God is the same way. Because God is immutable and unchangeable, God’s presence is undiscernible to our mind. We have nothing to input, to bind to, in a way that gives us capacity to identify God, or the soul, for that matter. Our minds cannot comprehend God or the soul, and so, the manner by which we engage them is through faith.
This is what baptism is, a service put forth in faith, to identify the thing behind the body of the baby that we dunk in water today… their soul. And we ask their parents in this service to name them: And they will say: “We name this soul Nasir David Mercy.” “We name this soul Wesley Eap.” “We name this soul Ira Rose.”And these names will travel with them their entire life, and I dare say, their eternal life, because that is who they are, marked as such by the power of the Holy Spirit, in baptism, as God’s own.
In baptism the name becomes the thing that attaches to the permanent, singular, simple, presence of the unchangeable soul. Ira, Nasir, and Wes will never be their identity because of their capacity to remember things, or because of what they know, or who they are related to, or what they look like, or what they do, or what they have, or where they live. They are who they are because, as C. S. Lewis wrote, “A soul is that which can say I am.” As in: “I am Wes.” “I am Ira.” “I am Nasir.”

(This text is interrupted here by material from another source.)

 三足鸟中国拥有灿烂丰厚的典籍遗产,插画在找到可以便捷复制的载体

Their identities will never be about their consciousness, or even their brains. For if their brains stop working (and I’m not just talking about adolescence) their souls will always be vibrant and fully intact; because unlike the body, which has zillions of moving parts, shifting and changing and dying at all times, the soul is simple, singular, permanent, and unchanging.
Theologian, Richard Neuhaus said it this way: “The soul is simple and singular, indivisible with no quantity.” And if it is singular, then it has a singular power, and that is a power that is continuously flowing through it, and it is named – love.

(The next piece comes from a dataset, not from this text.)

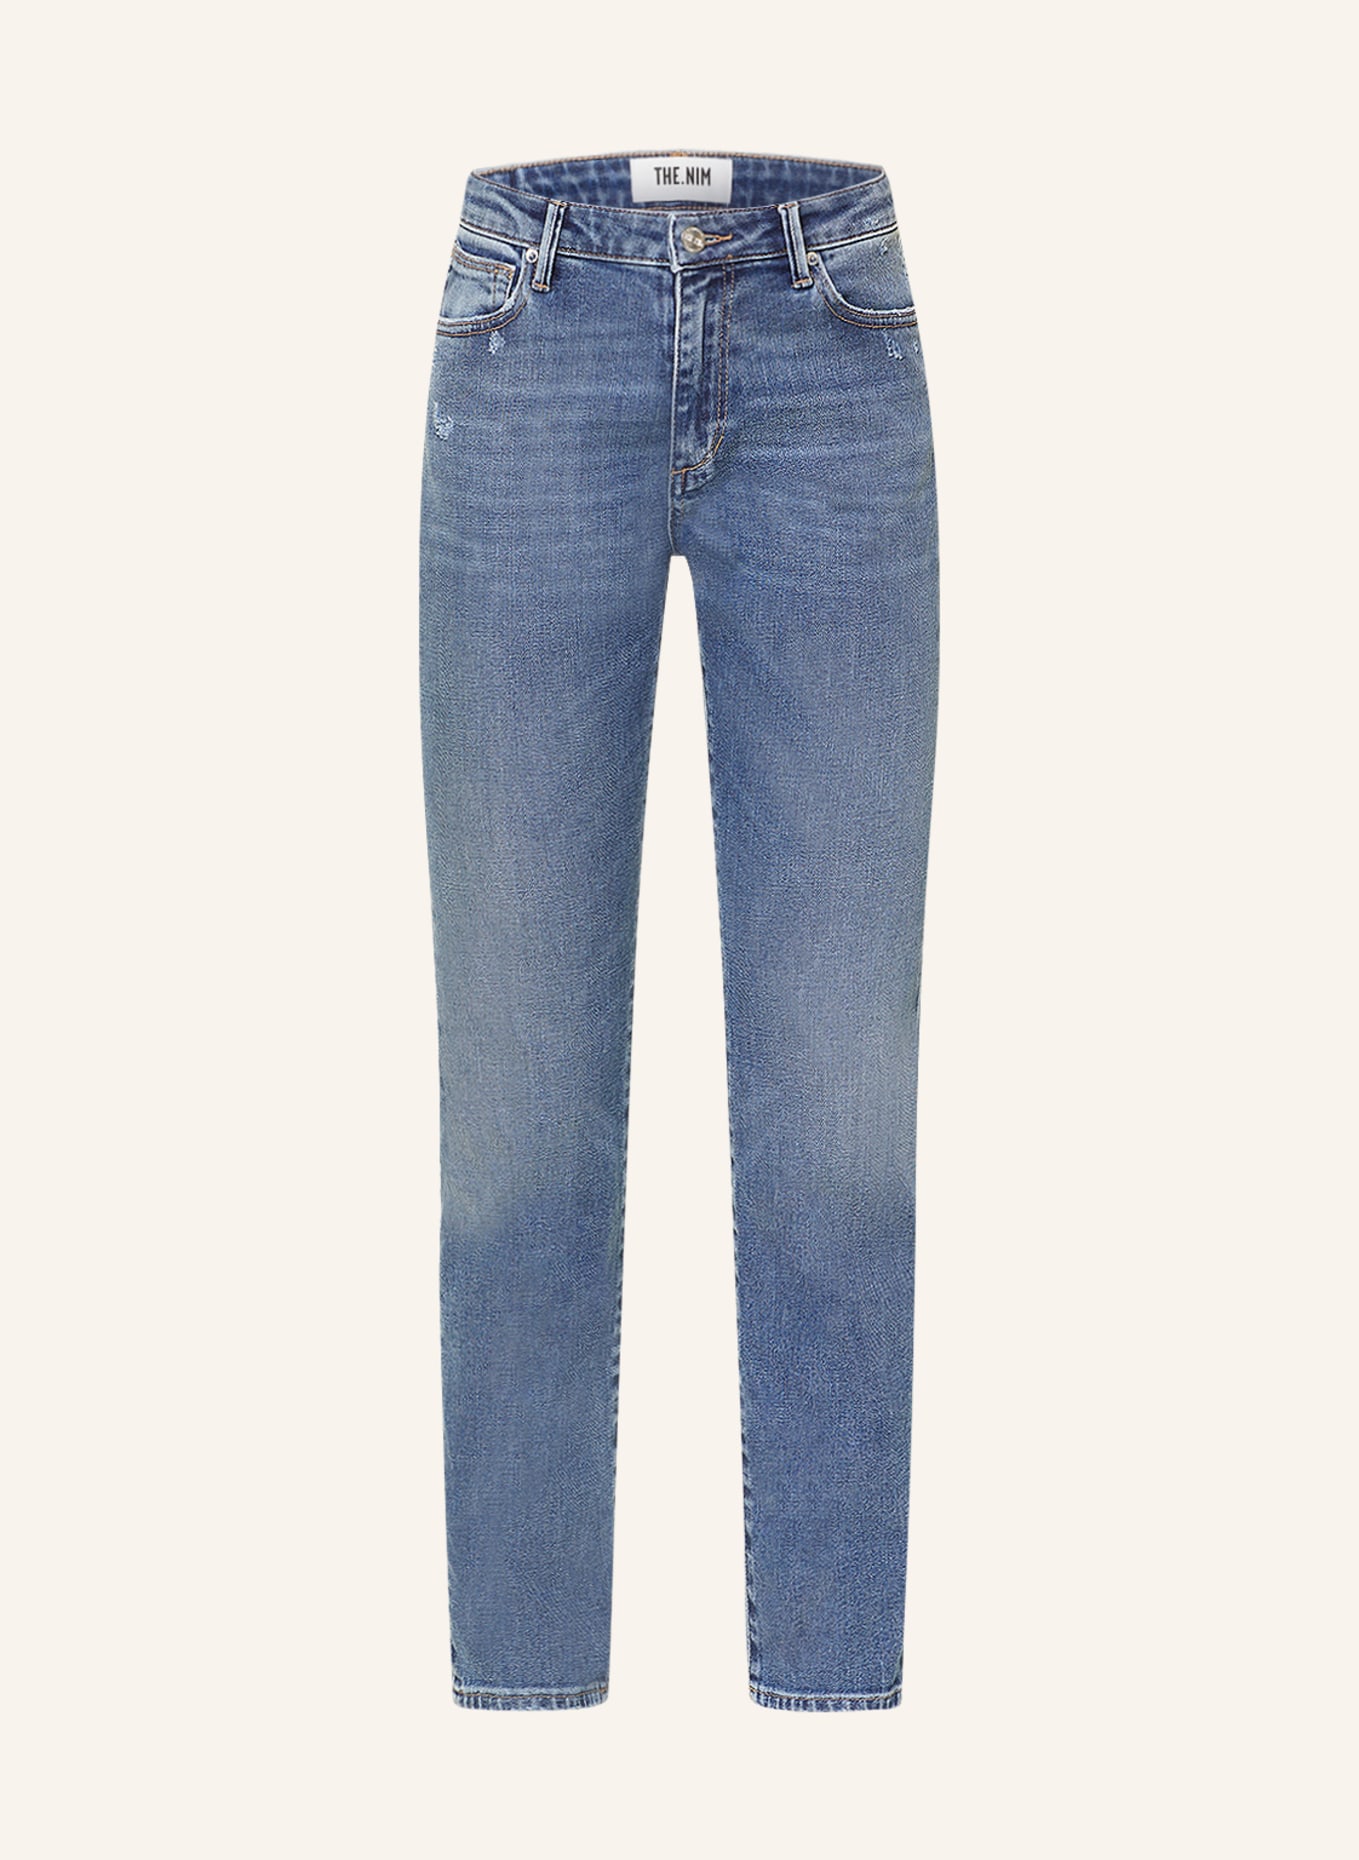 THE.NIM STANDARD Jeans BONNIE, Farbe: W796-MDV MID BLUE (Bild 1)

Another theologian, Nicolas Malebranche wrote: “The connection that links the body and soul is God,” and God is love. Love is simple and singular. Love resides in the soul. Love is the thing behind the thing.
In baptism the name becomes the thing that attaches to the permanent, singular, simple, presence of the unchangeable soul. It is by our name that we hold to our consistent identity across time, as did Abraham and Isaac and Jacob, so, too will Nasir, Wes, and Ira.
Their bodies will change. These children will change, completely. And that is as it should be, but what won’t change is our love for them, what won’t change is their always and eternal souls, that can say: “I am Nasir,” “I am Wes,” “I am Ira,” and “I am linked in love by my soul to the Great I AM.”